When assessing competitive advantages between China and the U.S., one can compare population size, GDP, military strength. But the real advantage is the U.S. dollar and its role as a global reserve currency.
A combination of the size and stability of our economy and the advanced and (relatively) open and transparent financial markets make the U.S. one of the safest places in the world to conduct trade. Which strengthens the role of the U.S. dollar in the wider world.
The dollar is considered a safe store of value and a useful tool for transactions between less internationalized countries that can use their currency’s relative value to the dollar to conduct trade. This also gives America leverage in terms of sanctions, as we see on display with Russia, and supercharges U.S. economic policies’ impact on the global economy.
As you might expect, the euro, which is used by hundreds of millions of people across euro area countries, is the second-most traded currency and the yen is the third-most exchanged currency in the world, and by far the most used Asian currency.
But America should not take dominance of the dollar for granted, for history shows that this edge can end abruptly if the world loses confidence in a country.

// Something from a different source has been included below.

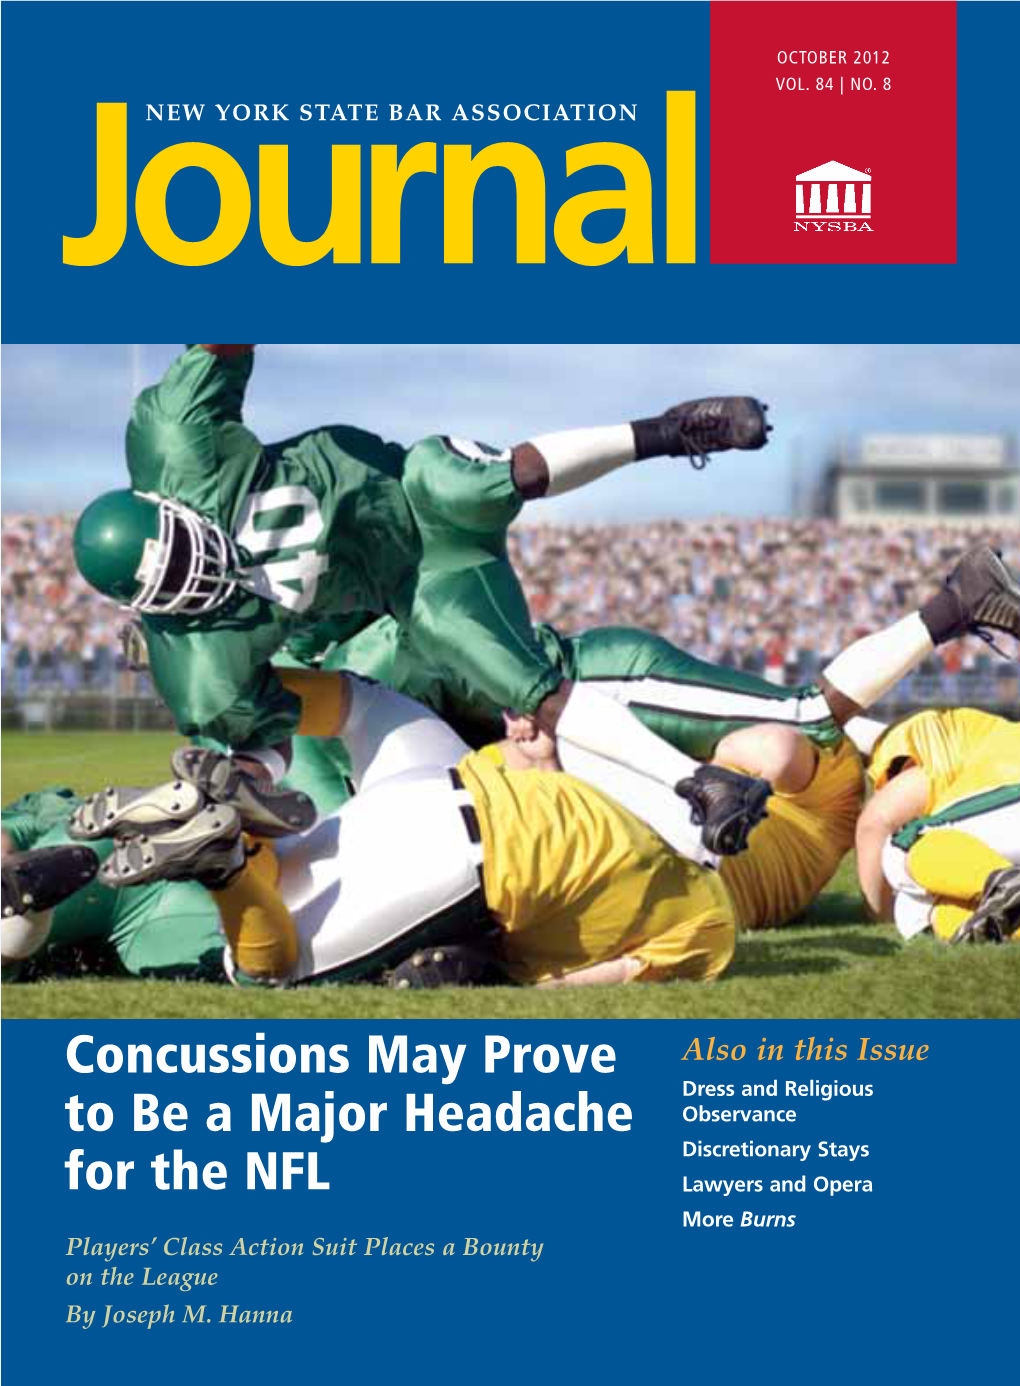 CONCUSSIONS MAY PROVE to BE a MAJOR HEADACHE for the NFL Players’ Class Action Suit Places a Bounty on the League by Joseph M
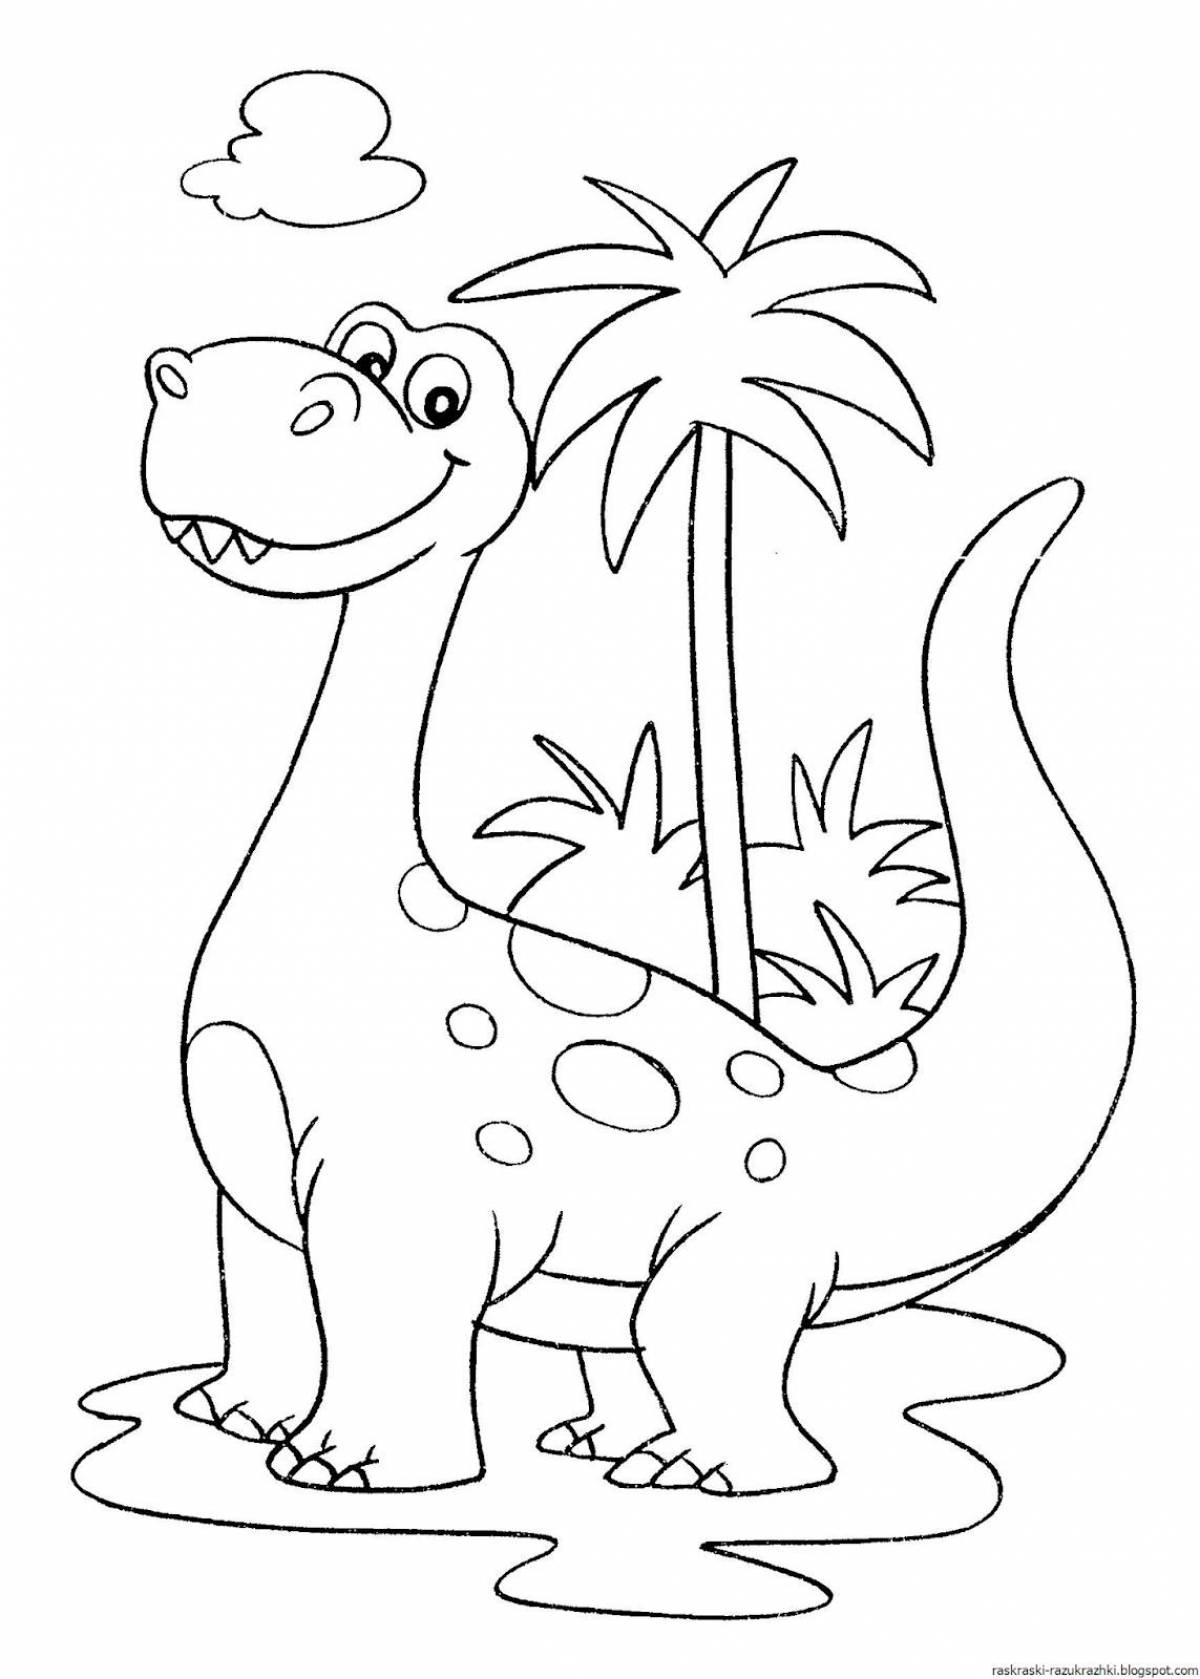 Dinosaur coloring book for 3-4 year olds

Too much debt and economic or political instability can open the door for competitors to move in. And there is constantly chatter of China making a dramatic move, such as somehow backing its currency with gold. Or launching a killer digital currency backed by gold.
This begs the question as how to hedge the U.S. dollar and market volatility and risk right now? Let me recommend two countries to invest in right now.
Switzerland and Singapore
For starters, Switzerland is home to some of the largest companies in Europe in terms of market value, such as UBS (UBS), Nestlé (NSRGY), and Novartis (NVS).
Switzerland also has the highest per-capita income in the world. While only 137 miles by 216 miles in size, with a population of 7.2 million, Switzerland packs a punch and is a financial and multinational powerhouse.
Additionally, the Swiss franc is backed by ample gold reserves, fiscal discipline, a trade surplus and very little foreign debt. Outward looking, Switzerland has 40% of its gross domestic product attributed to exports. Switzerland is the third-largest financial center in the world after New York and London.
It is also home to world-beating pharmaceutical, engineering and food companies and enjoys a stable government, vibrant democracy and a reputation as an asset haven in times of stress (like now). The Swiss have had a functioning democracy for 500 years and actually has a fairly weak central government, with a legislature that meets for only two weeks, four times a year. Voters have actually defeated a referendum that would have implemented a shorter workweek and longer vacations.
Switzerland is home to a number of blue-chip global multinational companies with entrenched brand names, dominant market shares, proven management teams, solid free cash flows and double-digit growth potential.
The iShares Switzerland (EWL) is a wonderful way to gain exposure to a basket of Switzerland’s leading multinationals and has a low expense ratio. My favorite stock pick is Nestlé (NSRGY). This consumer giant has a stock buyback program, a focus on growth in emerging consumer markets and a rising dividend. ABB (ABB) is a terrific infrastructure play and has been on a tear, winning power and automation technology contacts all over the world.
The Switzerland of Asia is Singapore. And the best ways to invest in Singapore are via the iShares Singapore (EWS) ETF or arguably Asia’s strongest bank, DBS Group Holdings (DBSDY). This is a bit higher risk and more of a value play than Switzerland since the Singapore economy has slowed a bit but its financial discipline and political stability is still first class.
As a hedge on the potential weakening of the U.S. dollar and as a haven from the financial storm rattling the windows of the world, you can’t go wrong investing in these two under-the-radar countries.
Are there any other countries to invest in that you would recommend right now?